Graff, Bobby (1990)
Another excellent teacher-coach and an outstanding catcher enters the Maine Baseball Hall of Fame when Bobby Graff receives his plaque.
Bob was a three-sports star at Portland High School from 1938 to 1941 and caught for two title teams. In 1940 his Portland nines shared the Telegram Title with Westbrook, but in 1941 the Blue Bulldogs stood alone and senior Bobby Graff was the All-Star catcher. It was a stellar team and teammates Hank Stillman, ““Nundi’ Romano, Jack Silverman and Funzi DePaulo joined their popular Captain, Graff, on the All-Star club.
After high school, Bobby attended Coburn Classical Institute and then had a stint with Uncle Sam’s Army during which he managed to get in some innings with the Medical Corps in New Guinea (a “household name” in World War II days).
it was reported in 1943, upon leaving for the Army, that he was “such a brilliant catching prospect that big league Scouts kept tabs on him while he was in school!’’.
Returning to civvies, Bobby attended Bowdoin College and became one of the Polar Bears best in football and baseball]. Under the colorful and legendary Dan MacFayden, Bowdoin was enjoying a great run in baseball and Bobby was a significant part of it. The rugged backstop played on State Series Championship teams in 1949, 1950 and 1951 and was Co-Captain of the 1950 club with his battery-mate, Bernie Johnson. To this date still, Graff holds the Bowdoin record for highest batting average for a season - .433 in 1950. Bowdoin was 34-11 for the three seasons.
While attending Bowdoin and for a few years after graduation, Graff played in various circuits including the Portland Twilight League, Down East League with the Franklin Flyers, Pine Tree League, York Co. League and a New Brunswick League.
In 1955 Bob, then coaching baseball as an assistant at Portland High, teamed with his Head Coach, the late Edson Hadlock (H of F ‘76), in a very interesting Twilight League game. Hadlock pitched a one-hit shutout with 12 K’s and 0 walks. All Graff did was catch and account for the only runs in the game with a first inning two-run homer.
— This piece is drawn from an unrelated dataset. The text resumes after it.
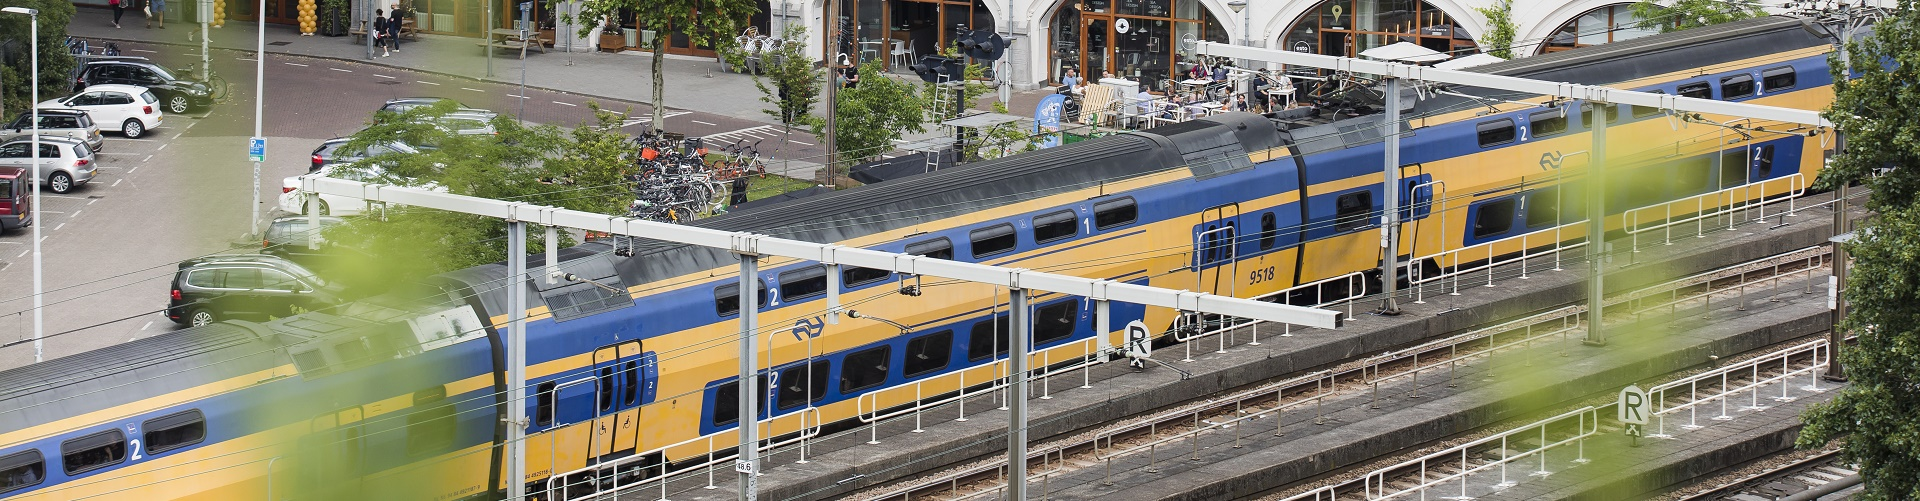 Minder openbaar vervoer in Rotterdam

Prior to returning to his Alma Mater at Portland, Bobby served as baseball coach at Livermore Falls High School. In addition to his baseball duties at P.H.S. Bobby coached football for 20 years (12 as head coach) until his pigskin retirement in 1972.
Dick Doyle labeled Bobby’s wife Mary, “one of sportsdom’s most enduring, loyal gals’ and tonight Mary will be joined by their children Libby, Margaret, Jimmy and Mary-Ellen in saluting Dad.